The experiments conducted on eight benchmarks across mathematics, scientific reasoning, and code generation show that this unified approach significantly enhances model performance by 9% on average compared to the base model. Furthermore, when integrated into various search algorithms, the PRM consistently outperforms all baseline PRMs trained with labeled data.

Figure 2: Average performance of four PRMs applied to four generative LLMs using Best-of-N with 64 rollouts on AIME2024, AMC, and MATH500. The AIRL-S-PRM consistently delivers the highest test-time search performance.

Implementation Details

Training Process

The RL training process involves using AIRL to learn a step-wise PRM directly from correct reasoning traces. This eliminates the need for labeled intermediate process data, thereby mitigating costs and avoiding reward hacking risks associated with static PRMs. The policy model is updated using a combination of objectives derived from AIRL and GRPO.

Test-Time Search

At inference, the PRM extends the logic chaining ability of the policy model by guiding search processes such as Monte Carlo Tree Search (MCTS), beam search, and Best-of-N sampling. This is achieved through a framework that applies the learned PRM for real-time decision-making in extending reasoning chains.

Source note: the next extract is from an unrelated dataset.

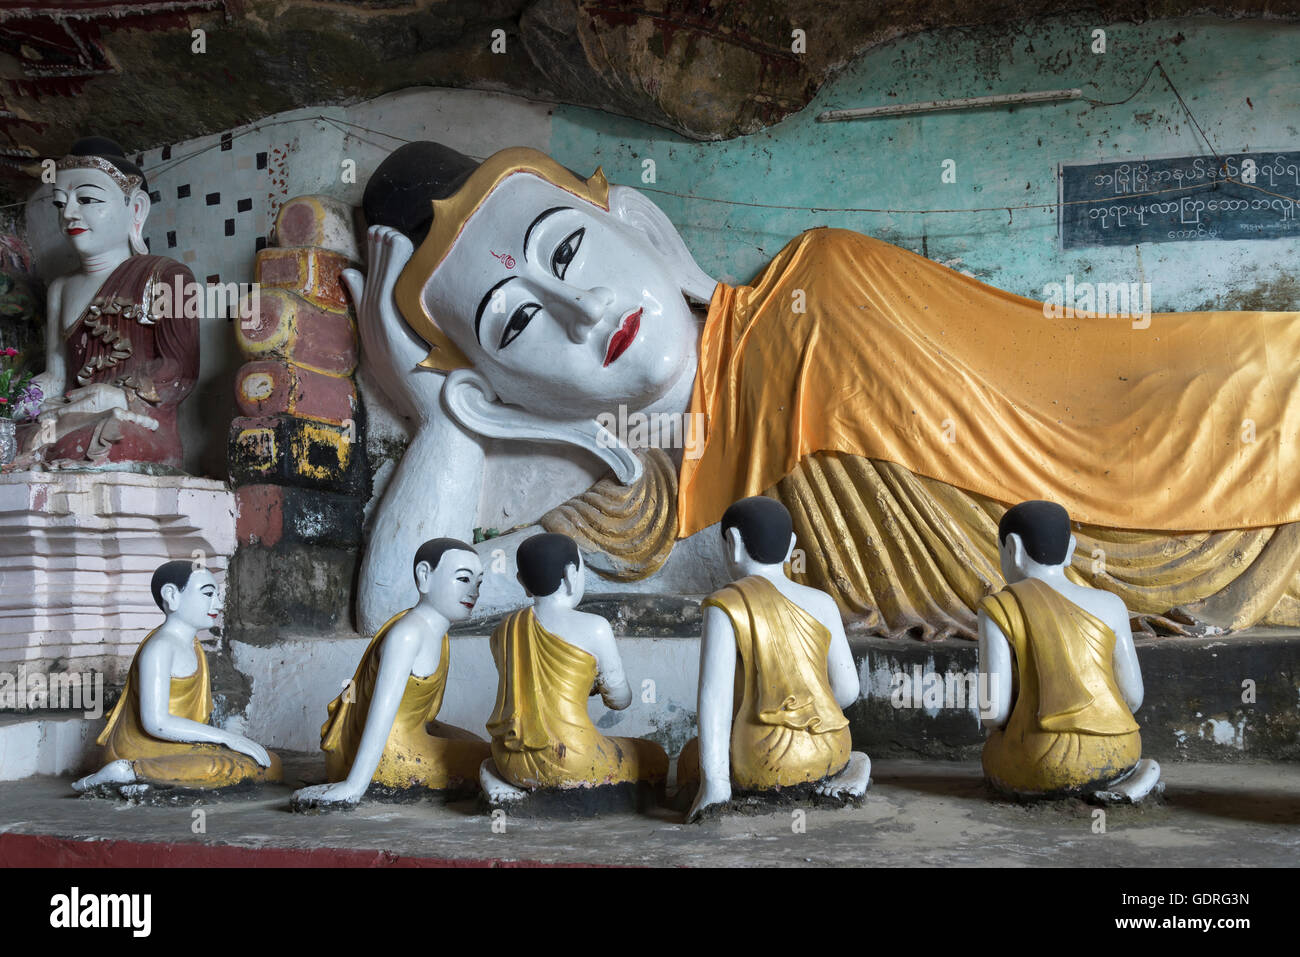 Reclining Buddha at Kaw-goon Cave Temple, Mon State, Myanmar Stock Photo

Figure 3: Comparison of test-time search performance with the PRM applied to MCTS, Beam Search, and Best-of-N across varying rollout counts. The PRM consistently improves performance for all search techniques.

Implications and Future Work

The implications of this work extend to several areas:

Scientific and Educational Tools: The integrated framework can serve as a foundation for developing advanced educational AI tools and scientific computing platforms, lowering barriers to access in under-resourced regions.
Software Development: In software engineering, incorporating such models could lead to more efficient and reliable code generation systems.
Future Research Directions: Expanding this unification framework to other architectures and broader datasets could address scalability and generalization, potentially paving the way for more robust AI systems.

Conclusion

This paper establishes a novel unification of RL-based and search-based TTS methodologies, demonstrating practical improvements in LLM performance across diverse reasoning tasks. By repurposing the RL-derived reward function as a versatile PRM, the approach not only enhances inference capabilities but also reduces the reliance on costly labeled datasets, thus offering a cost-efficient and scalable solution for TTS in LLMs. Future work could explore scalability aspects and test the approach on more diverse architectures and applications.